ENTENBLAU - Eine Geschichte von Lilia - Astrolibrium

ENTENBLAU – Eine Geschichte von Lilia

Sind Sie noch da? Danke. „Entenblau“ von Lilia ist eine facettenreich angelegte und doch minimalistisch erzählte Geschichte von augenscheinlichen Gegensätzen, von tief empfundener Freundschaft und Liebe, von Fürsorge und vom Vergessen. Wann treffen wir in freier Wildbahn auf eine Ente und ein Krokodil, die auf einen langen gemeinsam erlebten Lebensweg zurückblicken können? Wann haben wir je von einem Kroko-Baby gehört, das einsam und verlassen von einer Ente gefunden und quasi adoptiert wurde, an „entenkükenstatt“ angenommen sozusagen? Wann durften wir je in der Erinnerung eines heranwachsenden Krokodils miterleben, wie es alles von einer Ente beigebracht bekommt? Nie zuvor ist mir das in einem liebevoll illustrierten Bilderbuch begegnet. Im Buch und im wahren Leben erreicht auch diese Geschichte ihren Wendepunkt, als das Krokodil – jetzt ausgewachsen und stolz auf die Vergangenheit – feststellen muss, dass seine in die Jahre gekommene Entenmama ihre Erinnerungen verliert… Alles verblasst. Das wundervolle Entenblau der Vergangenheit beginnt zu schwinden…

Was im Bilderbuch ohne jeden Schnickschnack und Ablenkung –  sozusagen „en point“ – illustriert und erzählt ist, lässt uns als Vorlesende und Mitlesende viel Raum, um unsere Kinder an die Hände zu nehmen und durch die Geschichte zu führen. Es ist die ungewöhnliche Beziehung zwischen Ente und Krokodil, die wir erklären können. Wir können hervorheben, wie unterschiedlich beide sind. Wir dürfen Vergleiche ziehen, weil es bei Adoptionen bei Menschen ja auch so ist. Und wir können die Entenmama loben, weil sie das kleine Krokodil einfach Krokodil sein lässt, ohne es zu verbiegen. Lilia lässt nichts aus, selbst der abzuwischende Krokodilhintern spielt eine Rolle. Als die alte Ente dann im Vergessen versinkt, werden die Rollen getauscht. Das Krokodil übernimmt. Die Verantwortung wird unmittelbar spürbar. Es gibt keine Ausreden. Nein. Die Fürsorge ist dem einst kleinen Krokodil, das nun so erwachsen ist, von der Entenmama in die Wiege gelegt worden. Jetzt spielt auch der Entenpopo eine große Rolle. Hygiene ist wichtig bei Demenz.

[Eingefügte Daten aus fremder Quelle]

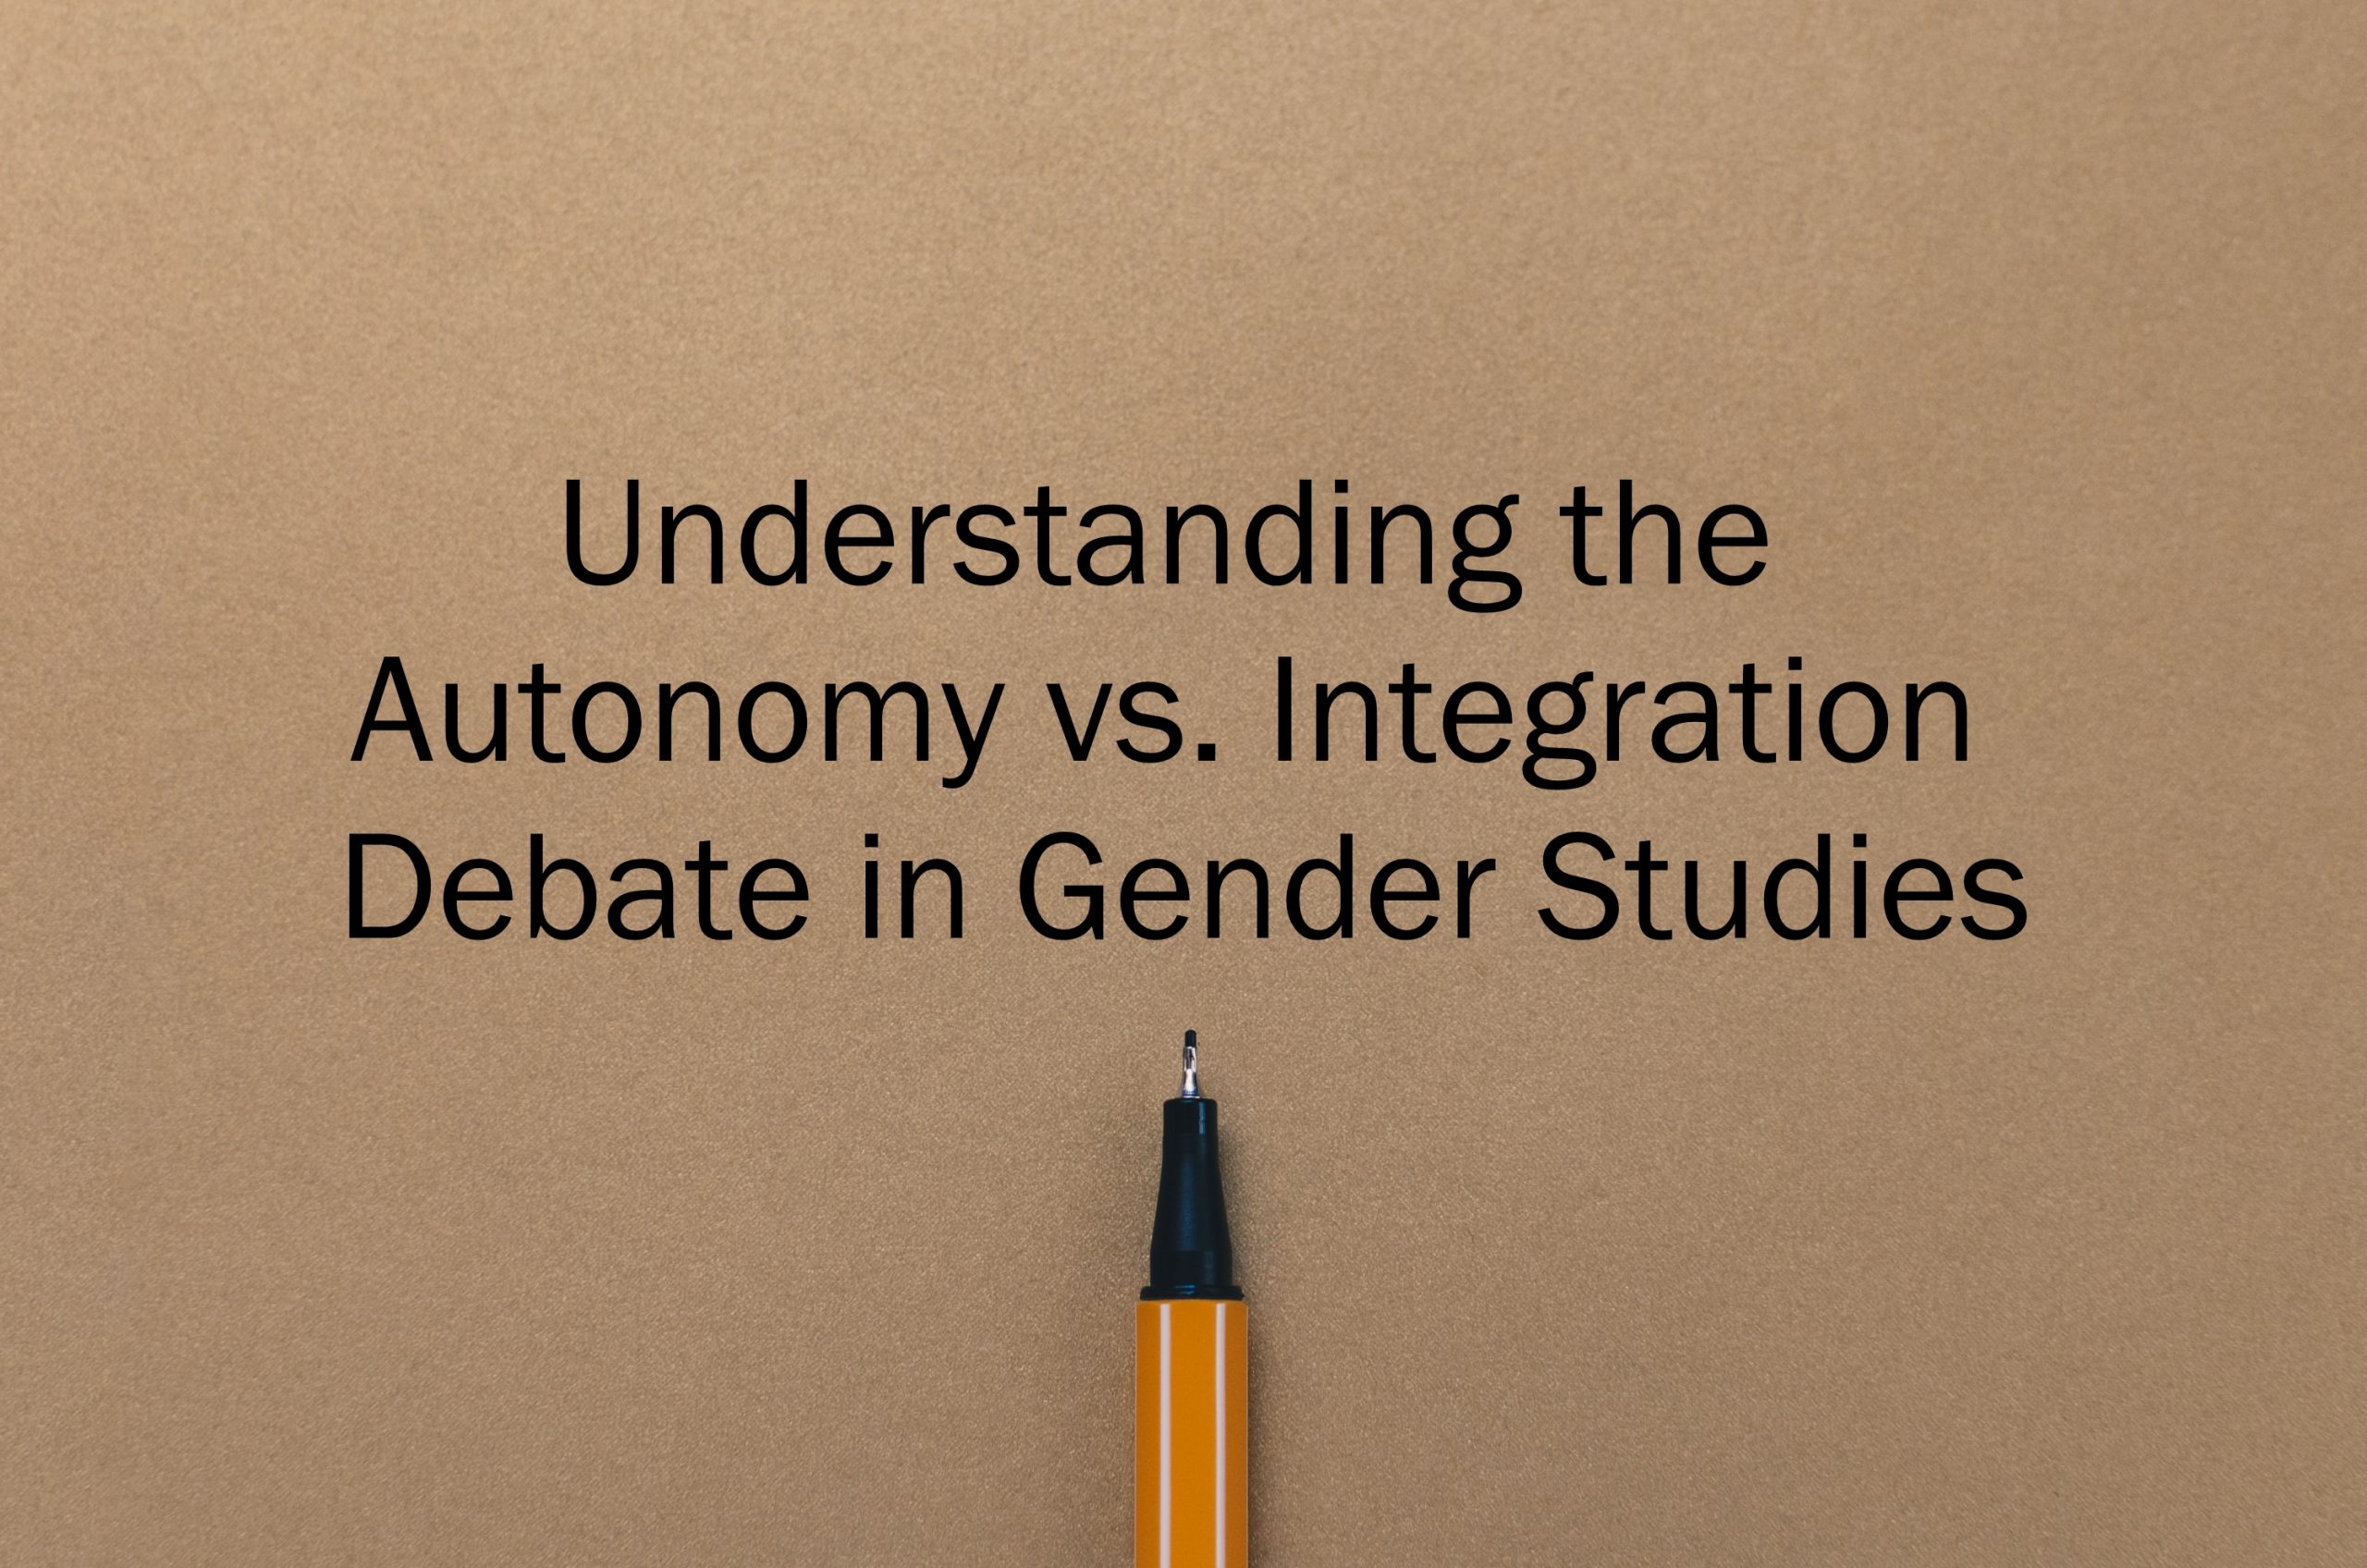 Autonomy vs. Integration Debate in Gender Studies

Wer nun denkt, das harmlos wirkende Bilderbuch Entenblau würde uns jetzt ins Leben zurückgehen lassen, sieht sich getäuscht. Hier wird im Klartext illustriert und erzählt. Hier kommt der Aspekt zum Tragen, der die Angehörigen von Erkrankten voller Frustration verzagen lässt. Die Ente hat plötzlich Angst vor dem Krokodil und weiß nicht mehr, wer vor ihr steht. Ja, das haben wir erlebt. Das in diesem Buch so klar zu sehen und so deutlich vor Augen geführt zu bekommen, ist mutig und aufrichtig zugleich. Nein, an einer Demenz ist nichts lustig, es gibt keine Schmunzelmomente, nur Angst, Sorgen und Mitgefühl. Und dann treibt mir diese Geschichte endgültig die Tränen in die Augen, weil mir das Krokodil zeigt, wie ich mit der Enttäuschung zurechtkommen könnte, nicht mehr erkannt zu werden. Ja, die Ente in diesem Buch ist anders, als wir Enten kennen. Sie hat einen blauen Schnabel und blaue Flossen. Sie hebt sich so deutlich ab, wie es unsere Eltern und Großeltern tun. Sie ist eine blaue Ente und sicher bekannt wie jener sprichwörtliche bunte Hund. Und nur diesen besonderen Enten ist es vergönnt, mit den eigenen Angehörigen so umzugehen, dass sie ihre Eigenständigkeit niemals verlieren. So war mein Vater. Für mich und für seine Enkelkinder. Hätte ich dieses Buch damals schon gehabt, es wäre mir ein wichtiger Ratgeber gewesen, ohne je Ratgeber sein zu wollen.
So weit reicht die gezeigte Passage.